Faisons remarquer, avant d’aborder notre sujet, que depuis trente ans l’artillerie a pris un rôle tout à fait prépondérant dans les campagnes militaires. Si l’infanterie est la reine des batailles, si c’est elle qui se meut le plus facilement, qui se fractionne ou qui se masse le mieux, suivant la volonté du général en chef, c’est l’artillerie qui prépare le combat, et dont l’intervention transforme en déroute la défaite de l’ennemi. C’est elle aussi qui, dans certaines circonstances désespérées, sauve une armée compromise. Le 6 août 1870, à Wœrth, quatre batteries placées sur les hauteurs de Langensoulzbach eussent permis au maréchal de Mac Mahon de se retirer sans être sérieusement inquiété. La charge des cuirassiers, cette charge immortelle, n’aboutit, au contraire, qu’à une inutile effusion de sang.

L’artillerie n’agit pas, d’ailleurs, uniquement par ses projectiles. Le bruit du canon produit un effet moral immense ; les plus grands capitaines l’ont reconnu. À mesure que la qualité de ses troupes diminuait, Napoléon Ier augmentait le nombre de ses canons. À la bataille de Rivoli, il n’avait qu’une pièce pour mille hommes ; à la bataille de Leipzig, il en avait quatre pour un effectif égal.

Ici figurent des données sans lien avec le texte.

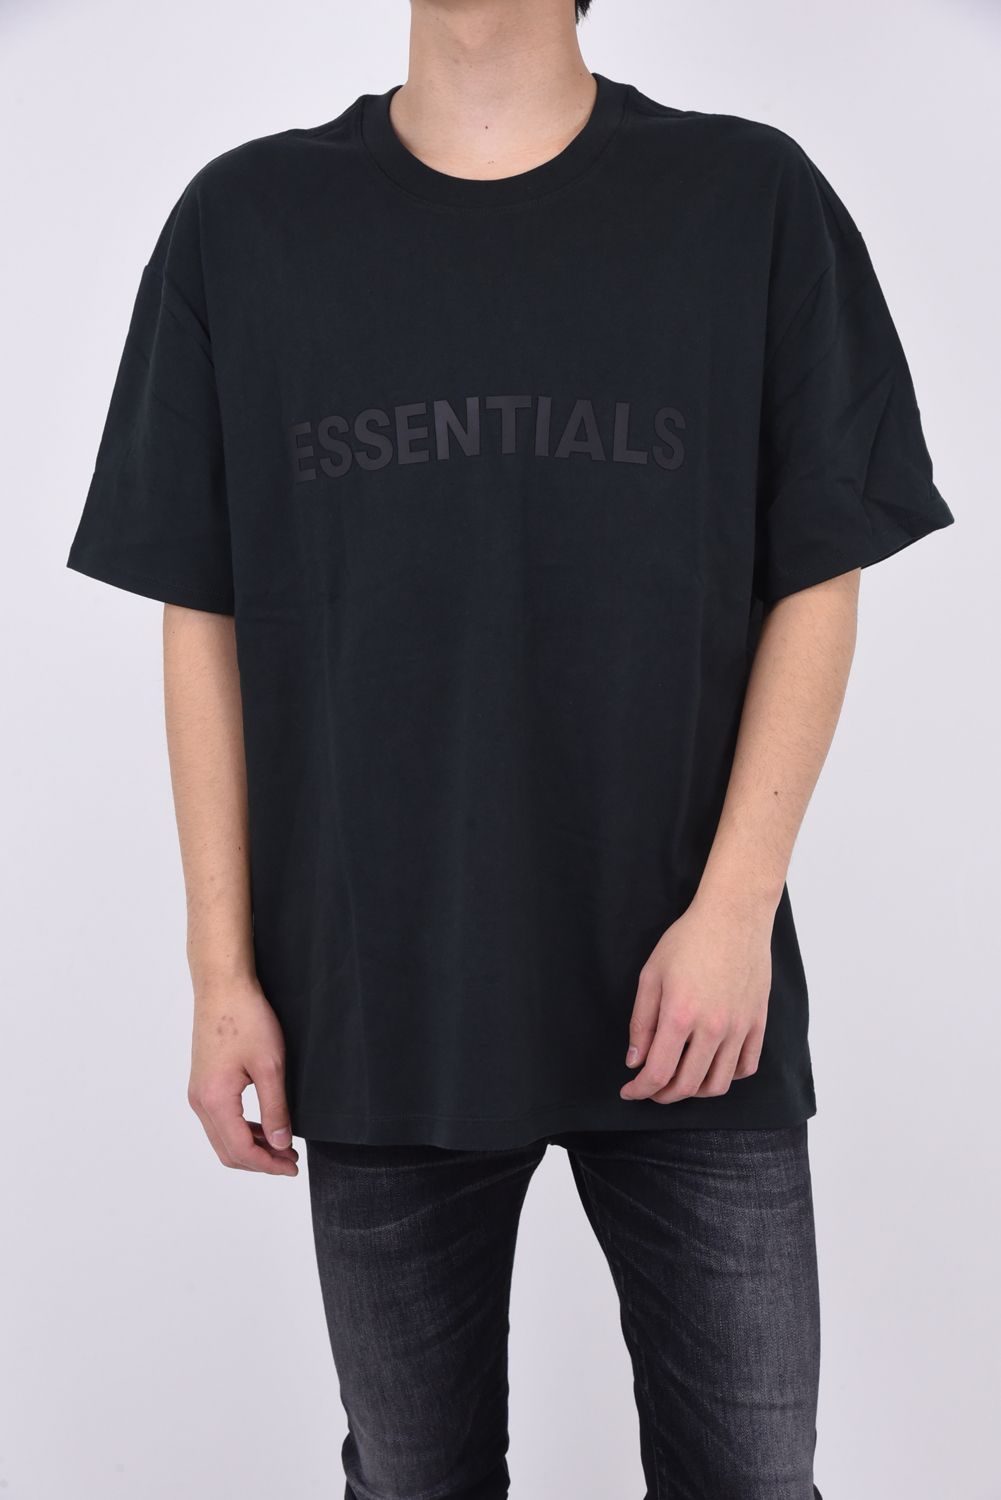 新作FOG Essentials フロントロゴ Tシャツ TOBACCO S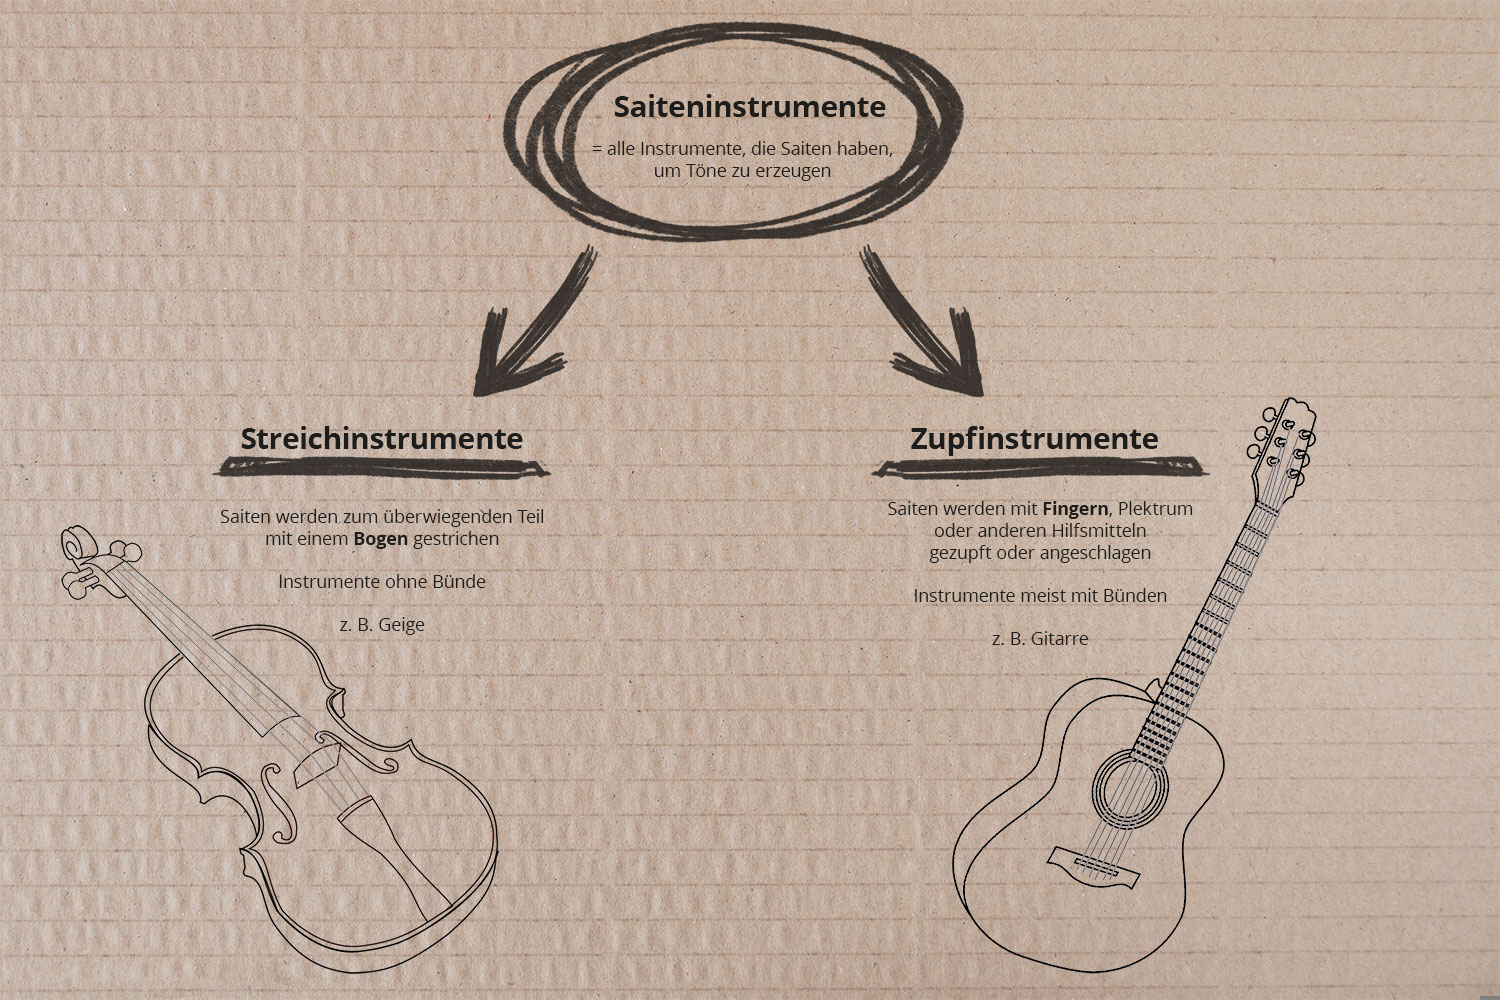 Unterteilung von Saiteninstrumenten in Streichinstrumente und Zupfinstrumente

Si le rôle de l’artillerie, en temps de guerre, est immense, il n’est pas moins important en temps de paix. L’artillerie française, dont le domaine est encore plus vaste que celui des autres artilleries européennes, ne s’occupe pas seulement de son armement ; c’est elle qui est chargée de fournir leurs fusils aux régiments d’infanterie et leurs sabres aux régiments de cavalerie. Par ses établissements, ses directions, son budget, elle assure et prépare l’outillage de la défense nationale.

C’est l’importance donnée depuis quelques années au poste de Directeur de l’artillerie, au Ministère de la guerre, qui a assuré, de nos jours, les progrès de cette arme.

On sait que dans l’ancienne armée française, il existait un grand maître de l’artillerie qui imposait à ce service une direction unique et continue. Les Sully et les Gribeauval ont illustré ce poste. Supprimé par la Convention nationale, remplacé par le Comité d’artillerie, le grand maître de l’artillerie a été indirectement rétabli de nos jours. Après d’innombrables tâtonnements, on a fini par en revenir, sous un autre nom, à ce poste supérieur.

Aujourd’hui, le comité d’artillerie n’est plus qu’une commission consultative ; c’est le Directeur de l’artillerie, c’est-à-dire le général placé à la tête de la troisième direction du Ministère de la guerre, qui résout toutes les questions touchant à l’armement. Ce général, quelque nom qu’il porte et quelle que soit la durée de ses fonctions au Ministère, est, en réalité, le grand maître de l’artillerie française. Il n’est point responsable devant les Chambres, puisque le Ministre de la guerre signe les règlements, défend les projets de loi et les demandes de crédits ; mais, s’il demeure officiellement à l’écart, le Directeur de l’artillerie sait ce que le pays attend de son initiative et de son zèle. Il sait que notre artillerie ne doit pas être distancée par celle d’une autre nation ; il sait qu’au jour des batailles, les obus, les shrapnels, les explosifs, seront autant de facteurs de notre victoire, et il n’écoute que les conseils que lui dicte son patriotisme.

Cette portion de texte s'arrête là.